Your instructions — Transcribe, starting at the line with "comida em estilo tailandês foto" and ending at the line with "Bottega Veneta 皮革防水台穆勒鞋", every line of the material below exactly, but leave out the pictures and anything outside that span.

Given data —
================
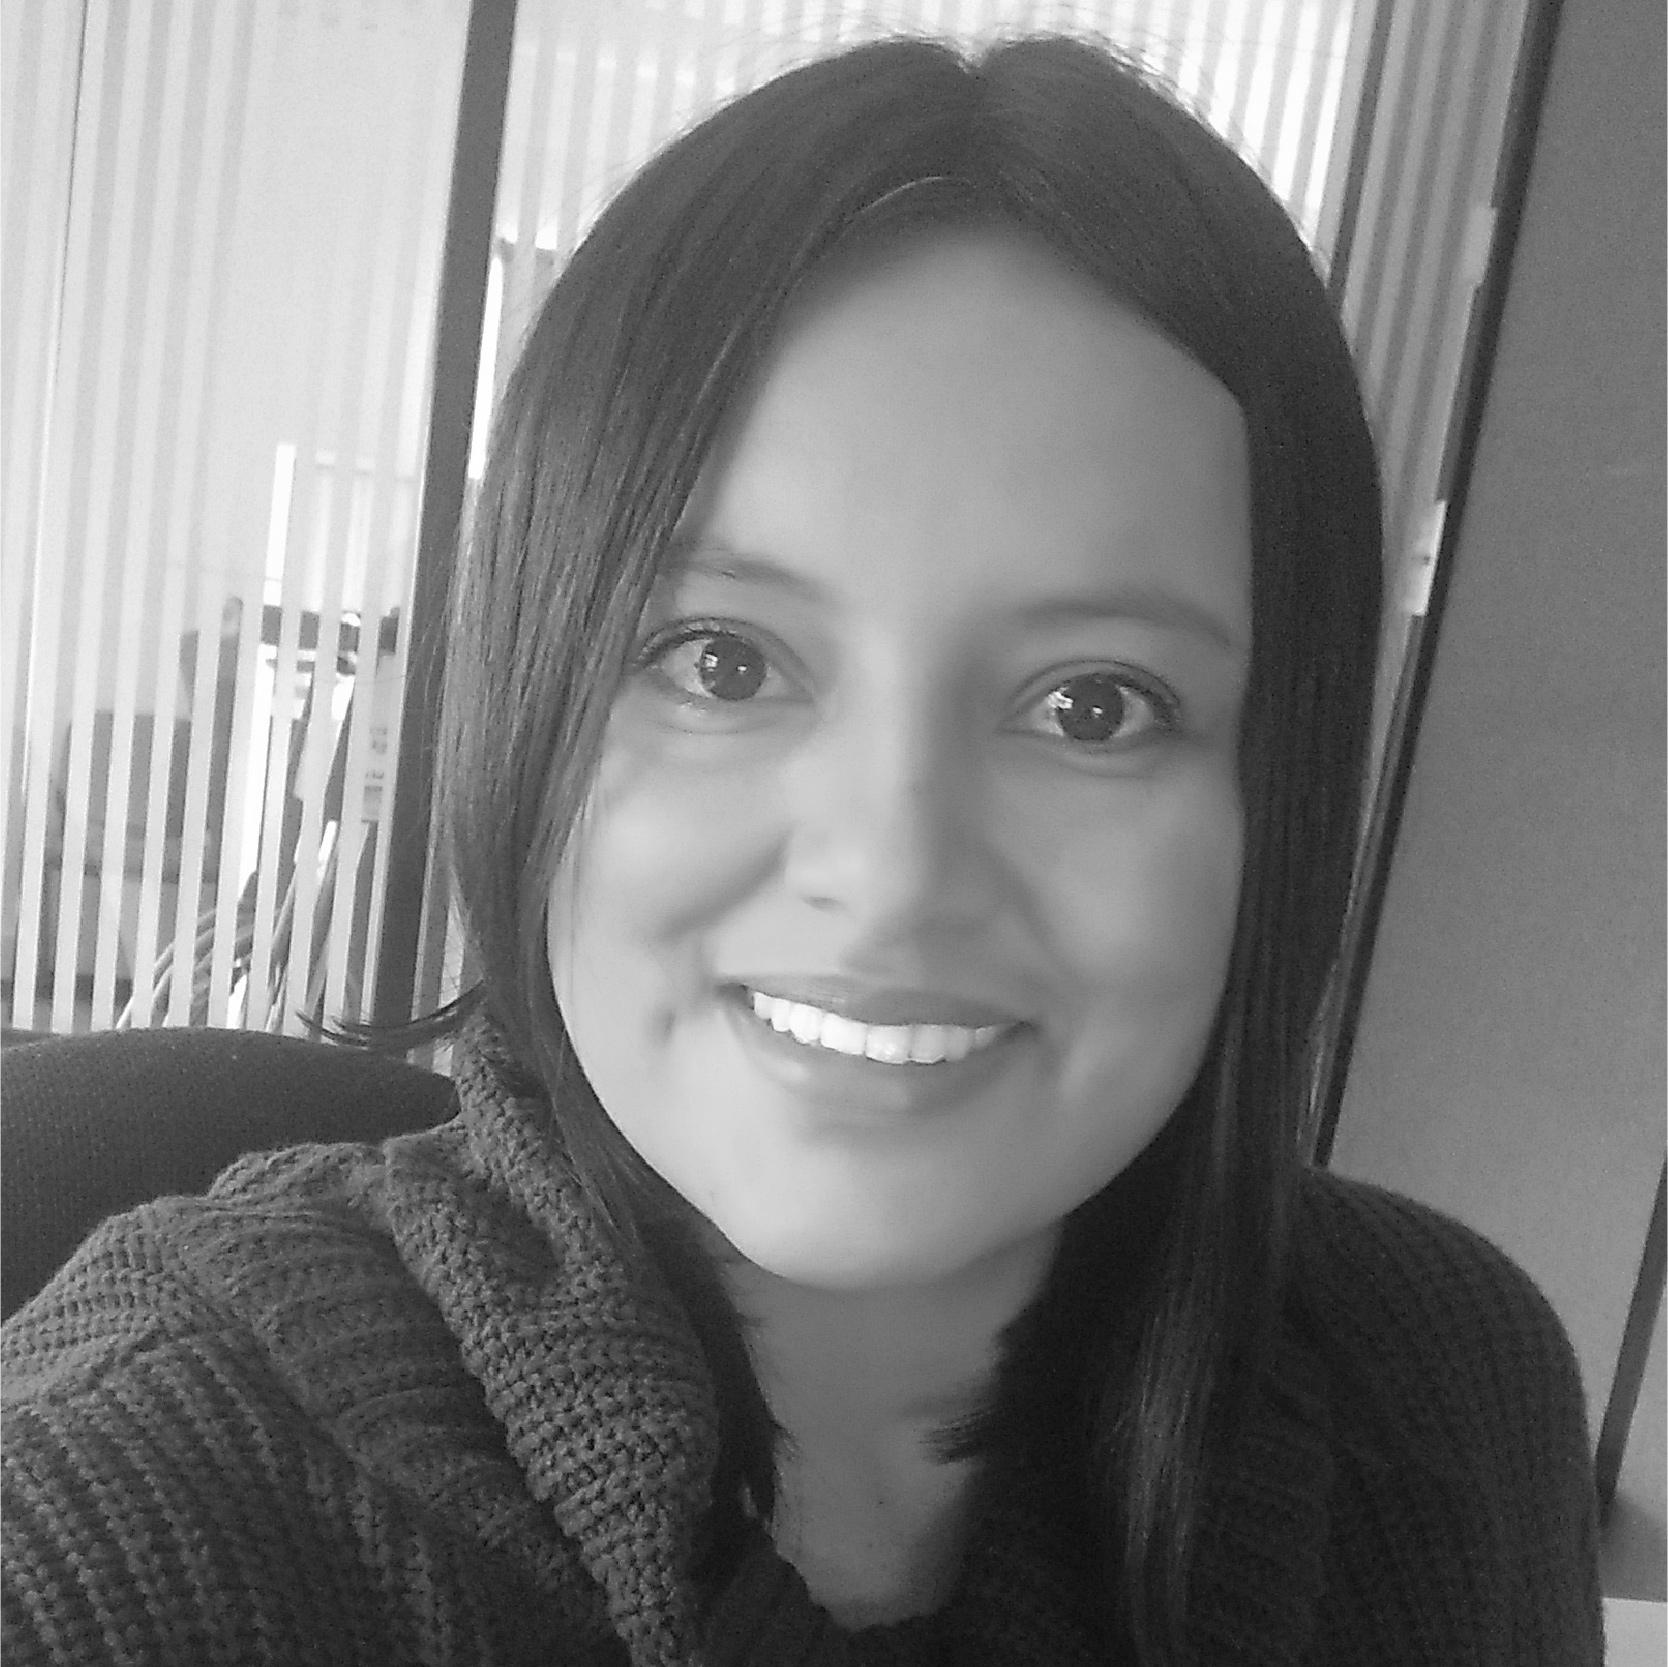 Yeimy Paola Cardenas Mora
================
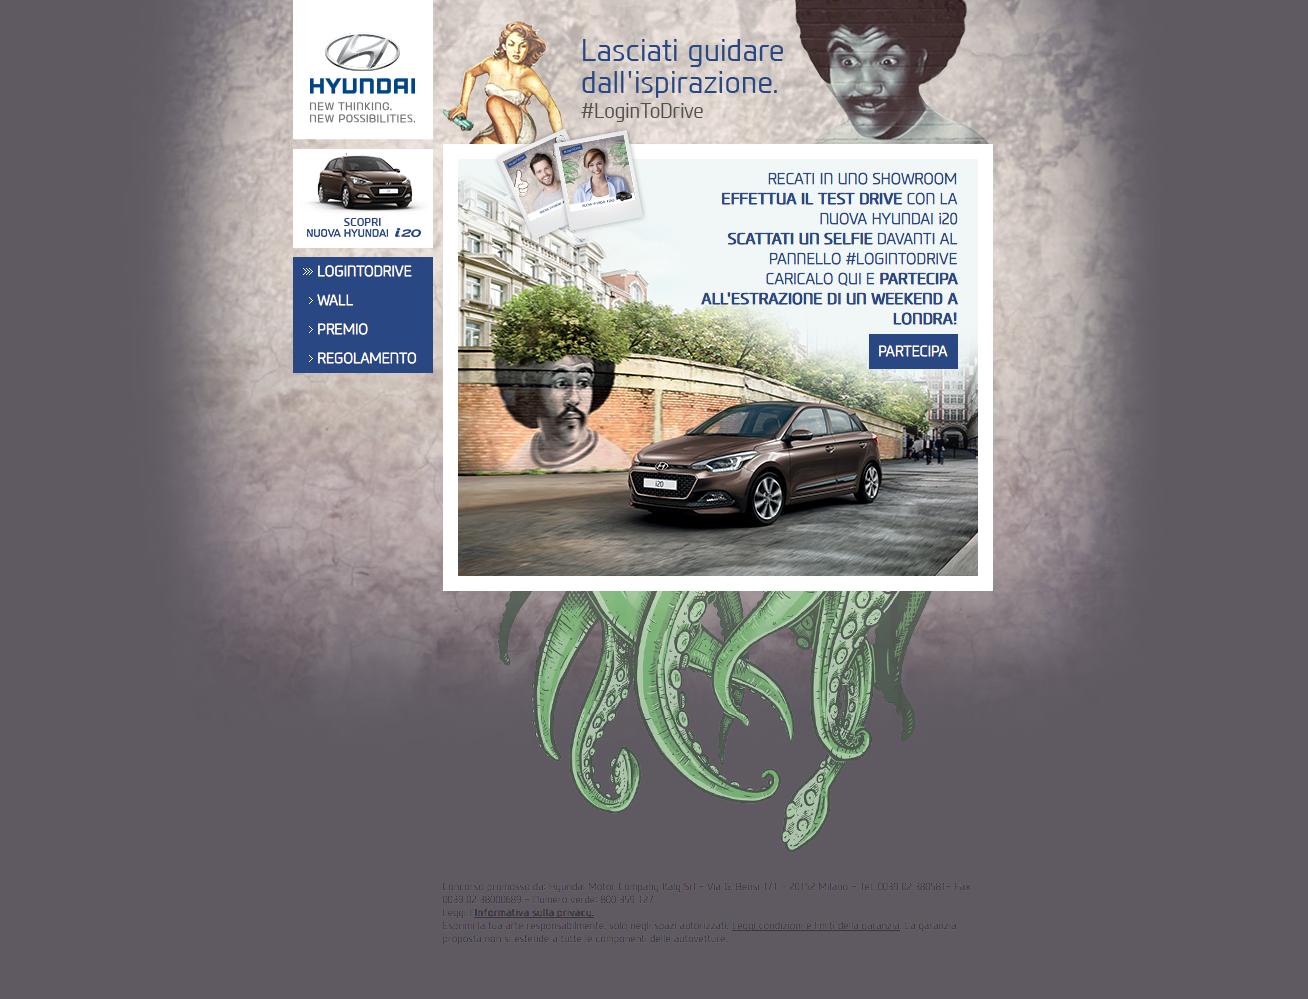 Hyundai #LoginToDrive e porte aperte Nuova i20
================
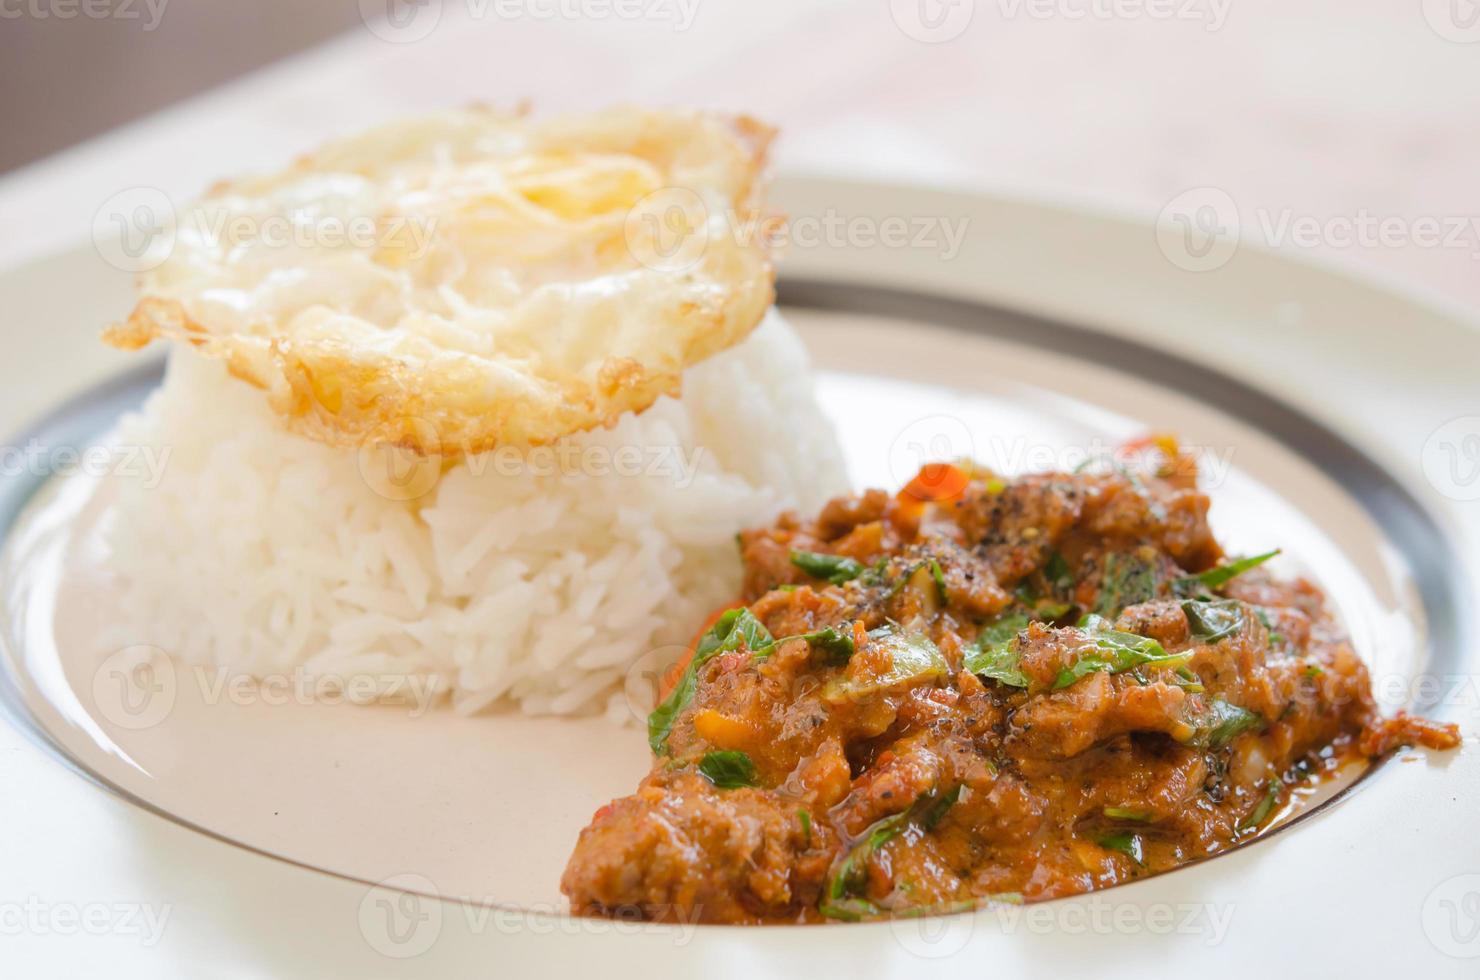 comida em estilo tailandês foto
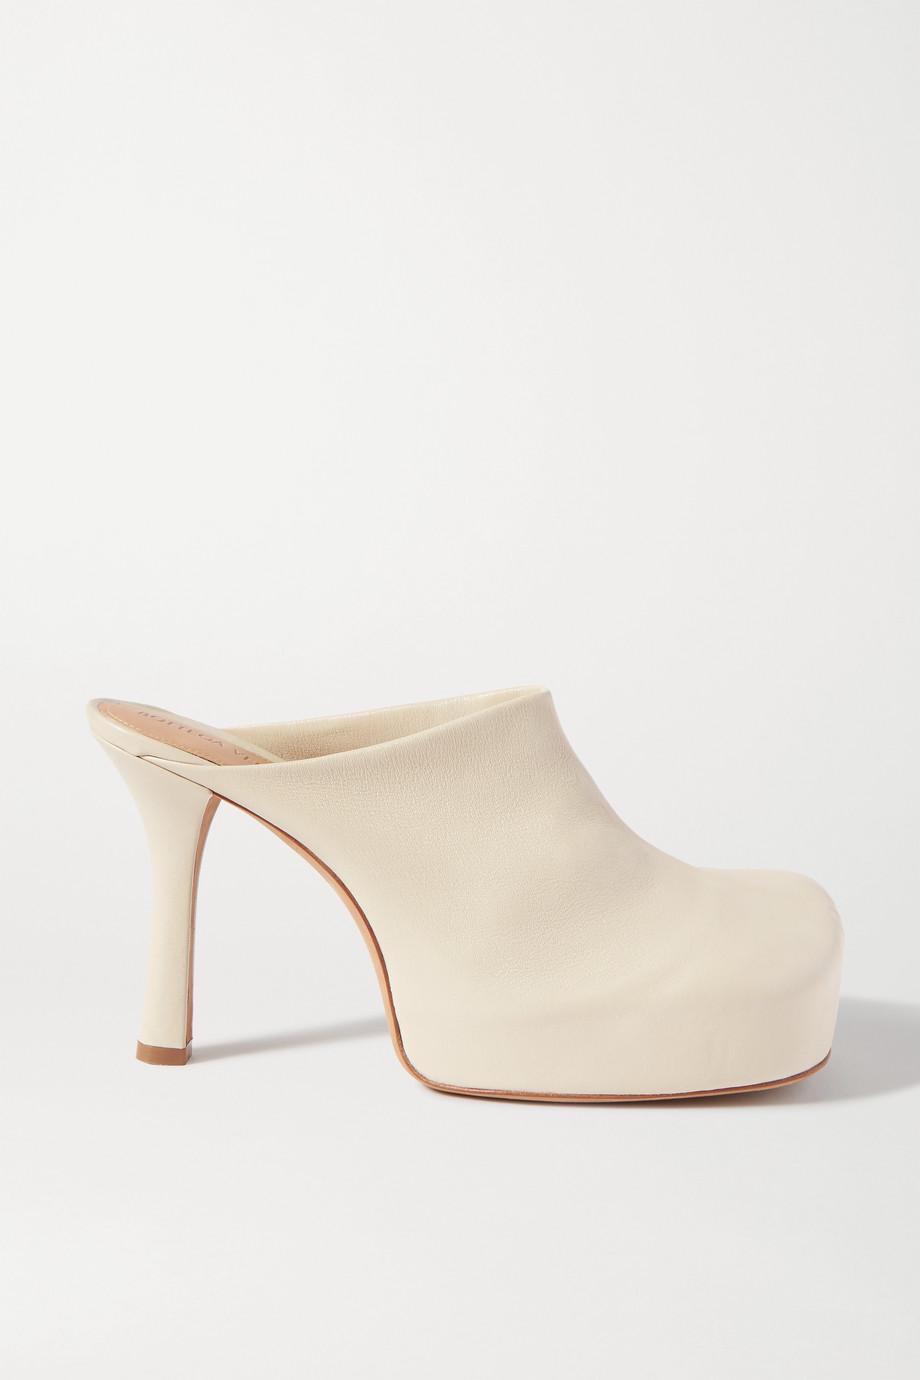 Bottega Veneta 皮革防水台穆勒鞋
================
Solution to this problem —
 comida em estilo tailandês foto
 Bottega Veneta 皮革防水台穆勒鞋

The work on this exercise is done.